> **DATASET EXCERPTS**
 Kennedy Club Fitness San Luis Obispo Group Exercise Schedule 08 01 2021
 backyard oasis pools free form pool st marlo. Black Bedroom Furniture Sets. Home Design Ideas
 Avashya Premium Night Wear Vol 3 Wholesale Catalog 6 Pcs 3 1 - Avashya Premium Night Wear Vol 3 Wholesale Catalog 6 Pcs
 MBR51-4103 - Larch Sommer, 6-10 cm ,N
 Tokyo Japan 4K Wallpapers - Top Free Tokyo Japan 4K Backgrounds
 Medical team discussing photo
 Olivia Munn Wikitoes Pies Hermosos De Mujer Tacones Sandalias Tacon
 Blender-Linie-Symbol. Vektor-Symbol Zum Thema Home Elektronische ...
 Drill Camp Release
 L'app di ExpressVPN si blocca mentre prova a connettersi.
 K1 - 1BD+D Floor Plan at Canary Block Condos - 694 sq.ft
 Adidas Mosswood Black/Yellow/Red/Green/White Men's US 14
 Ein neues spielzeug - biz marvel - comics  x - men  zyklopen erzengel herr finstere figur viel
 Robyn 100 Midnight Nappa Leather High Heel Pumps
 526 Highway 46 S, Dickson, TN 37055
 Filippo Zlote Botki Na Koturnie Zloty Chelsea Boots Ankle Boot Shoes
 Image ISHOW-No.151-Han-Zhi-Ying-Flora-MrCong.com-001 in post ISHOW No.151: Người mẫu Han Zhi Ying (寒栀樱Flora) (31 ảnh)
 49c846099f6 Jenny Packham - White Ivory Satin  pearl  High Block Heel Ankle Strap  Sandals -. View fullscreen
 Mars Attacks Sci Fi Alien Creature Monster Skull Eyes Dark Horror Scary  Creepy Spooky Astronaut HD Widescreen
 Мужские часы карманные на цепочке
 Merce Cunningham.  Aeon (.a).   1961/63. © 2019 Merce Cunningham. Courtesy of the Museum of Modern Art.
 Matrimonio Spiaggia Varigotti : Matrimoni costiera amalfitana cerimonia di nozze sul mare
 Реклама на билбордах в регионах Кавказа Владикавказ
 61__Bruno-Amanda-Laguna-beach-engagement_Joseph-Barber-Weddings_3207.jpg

> **AIM OF THE TASK**
From the listing above, extract every line exactly as it stands.

> **ANSWER BOX**
 Kennedy Club Fitness San Luis Obispo Group Exercise Schedule 08 01 2021
 backyard oasis pools free form pool st marlo. Black Bedroom Furniture Sets. Home Design Ideas
 Avashya Premium Night Wear Vol 3 Wholesale Catalog 6 Pcs 3 1 - Avashya Premium Night Wear Vol 3 Wholesale Catalog 6 Pcs
 MBR51-4103 - Larch Sommer, 6-10 cm ,N
 Tokyo Japan 4K Wallpapers - Top Free Tokyo Japan 4K Backgrounds
 Medical team discussing photo
 Olivia Munn Wikitoes Pies Hermosos De Mujer Tacones Sandalias Tacon
 Blender-Linie-Symbol. Vektor-Symbol Zum Thema Home Elektronische ...
 Drill Camp Release
 L'app di ExpressVPN si blocca mentre prova a connettersi.
 K1 - 1BD+D Floor Plan at Canary Block Condos - 694 sq.ft
 Adidas Mosswood Black/Yellow/Red/Green/White Men's US 14
 Ein neues spielzeug - biz marvel - comics  x - men  zyklopen erzengel herr finstere figur viel
 Robyn 100 Midnight Nappa Leather High Heel Pumps
 526 Highway 46 S, Dickson, TN 37055
 Filippo Zlote Botki Na Koturnie Zloty Chelsea Boots Ankle Boot Shoes
 Image ISHOW-No.151-Han-Zhi-Ying-Flora-MrCong.com-001 in post ISHOW No.151: Người mẫu Han Zhi Ying (寒栀樱Flora) (31 ảnh)
 49c846099f6 Jenny Packham - White Ivory Satin  pearl  High Block Heel Ankle Strap  Sandals -. View fullscreen
 Mars Attacks Sci Fi Alien Creature Monster Skull Eyes Dark Horror Scary  Creepy Spooky Astronaut HD Widescreen
 Мужские часы карманные на цепочке
 Merce Cunningham.  Aeon (.a).   1961/63. © 2019 Merce Cunningham. Courtesy of the Museum of Modern Art.
 Matrimonio Spiaggia Varigotti : Matrimoni costiera amalfitana cerimonia di nozze sul mare
 Реклама на билбордах в регионах Кавказа Владикавказ
 61__Bruno-Amanda-Laguna-beach-engagement_Joseph-Barber-Weddings_3207.jpg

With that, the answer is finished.